Tapi sepertinya tidak semudah itu. Naninna memandangi liontin itu sejenak. Lalu meminta Matthew memasangkannya untuknya. Matthew pun menurut. Tidak menolak sedikitpun.
"Cantik."
"Cantik ya..." Naninna berdiri dan bercermin didepan kaca besar. Ia melihat pantulan dirinya di cermin. Jika dibandingkan dengan dirinya, bahkan seujung kuku Amalia pun, wanita itu jelas tidak ada apa-apanya. Tapi mengapa dulu ia selalu saja kalah saing dengannya? Secantik apapun ia berdandan, tetap Matthew sebagai suami tidak pernah sekalipun mengatakan dirinya cantik. Tapi untuk kali ini, meskipun hanya sekali ia mendengarnya, tapi entah kenapa kesannya begitu tulus.
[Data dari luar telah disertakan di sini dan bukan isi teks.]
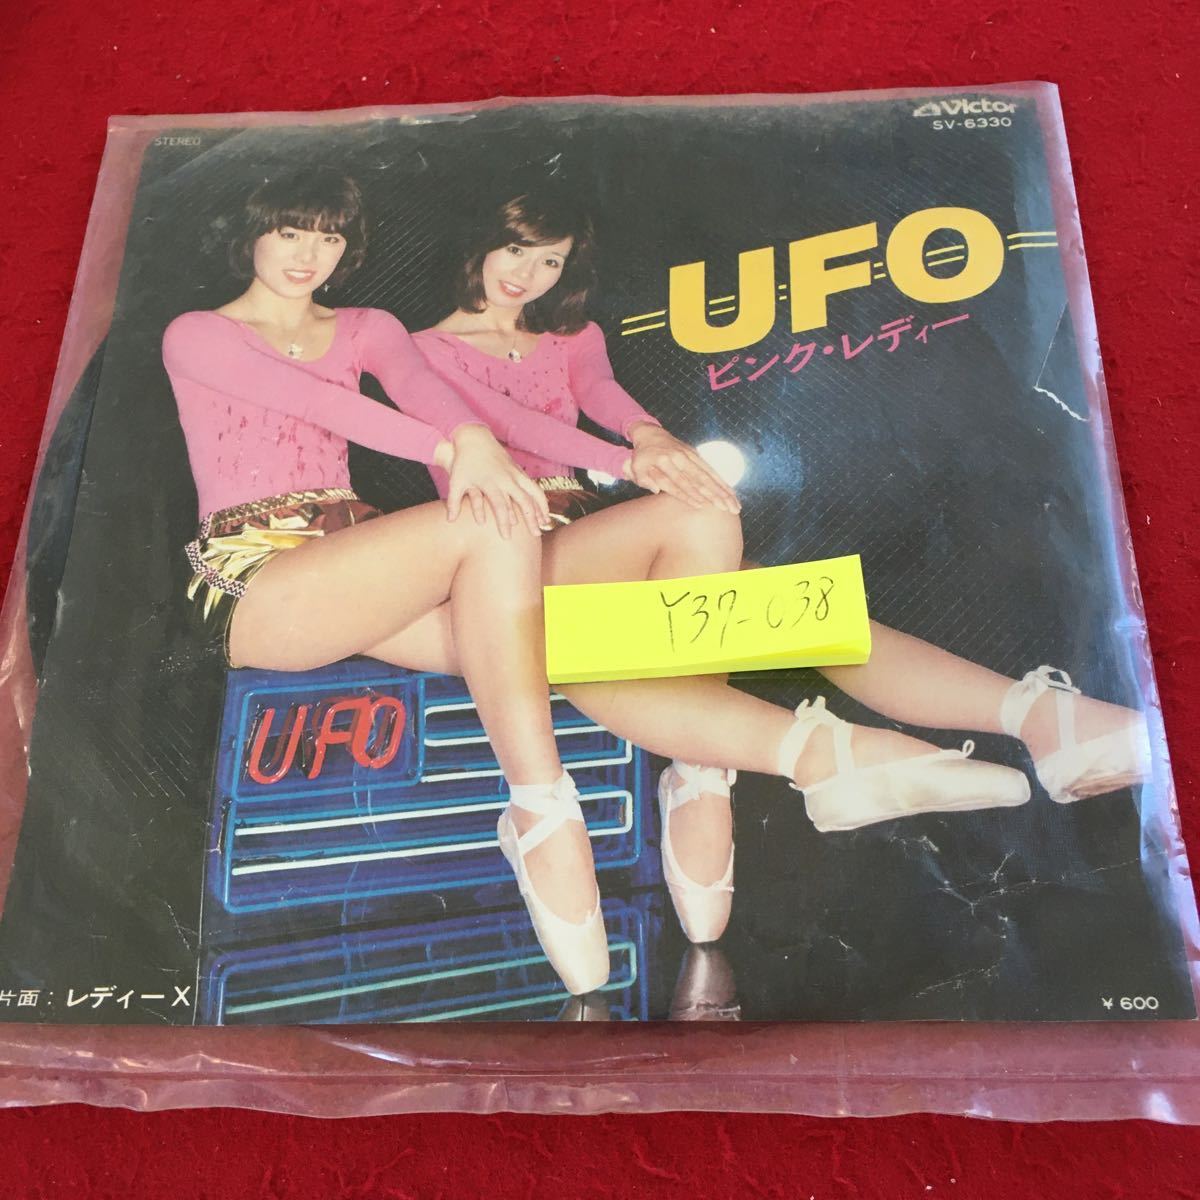 Y38-038 ピンク・レディー UFO ビクター 片面:レディーX レコード 袋入り 傷無し ステレオ45 SV-6372 阿久悠 作詞 都倉俊一作・編曲_傷、汚れ有り

Matthew memeluk punggung sang istri dari belakang. Hingga mata mereka saling bertatapan satu sama lain. Naninna jelas menyadari hal itu. Namun ia berusaha melepaskan pelukan sang suami.
"Aku... sangat merindukanmu. Aku benar-benar merindukanmu. Tidurlah bersamaku, Ninna... Beberapa hari ini diriku hanya tidur sendirian tanpa adanya dirimu disisiku."
Merindukanku?? Cuihh!!
Naninna mendengus. Dia bahkan dulu sebagai suami tidak pernah menyentuhnya sama sekali. Meskipun Naninna memakai pakaian yang memperlihatkan lekuk tubuhnya, tidak semudah itu untuk merayu Matthew agar mau menyentuhnya.
"Kita sudah bertemu, untuk apa kau masih merindukanku lagi? Kau bahkan tidak pernah berbicara seperti itu." Tubuh Matthew menegang. Kali ini tubuh mereka saling berhadapan. Mengunci pergerakkan dan mata Matthew sepenuhnya. Naninna sedikit menyesali perbuatannya dulu. Jika saja dimasa lalu dirinya lebih pintar dan lebih berfikir jernih, tidak mungkin dirinya dan Keluarganya menderita dan mengalami kematian yang mengerikan.
"Maaf karena diriku tidak pernah memperhatikanmu dulu, Ninna. Tapi percayalah, hatiku hanya tulus mencintao dirimu.."
Bolehkah dirinya menenggelamkan pria ini saja? Naninna bahkan tidak tahan dengan rayuan busuk dari suaminya itu.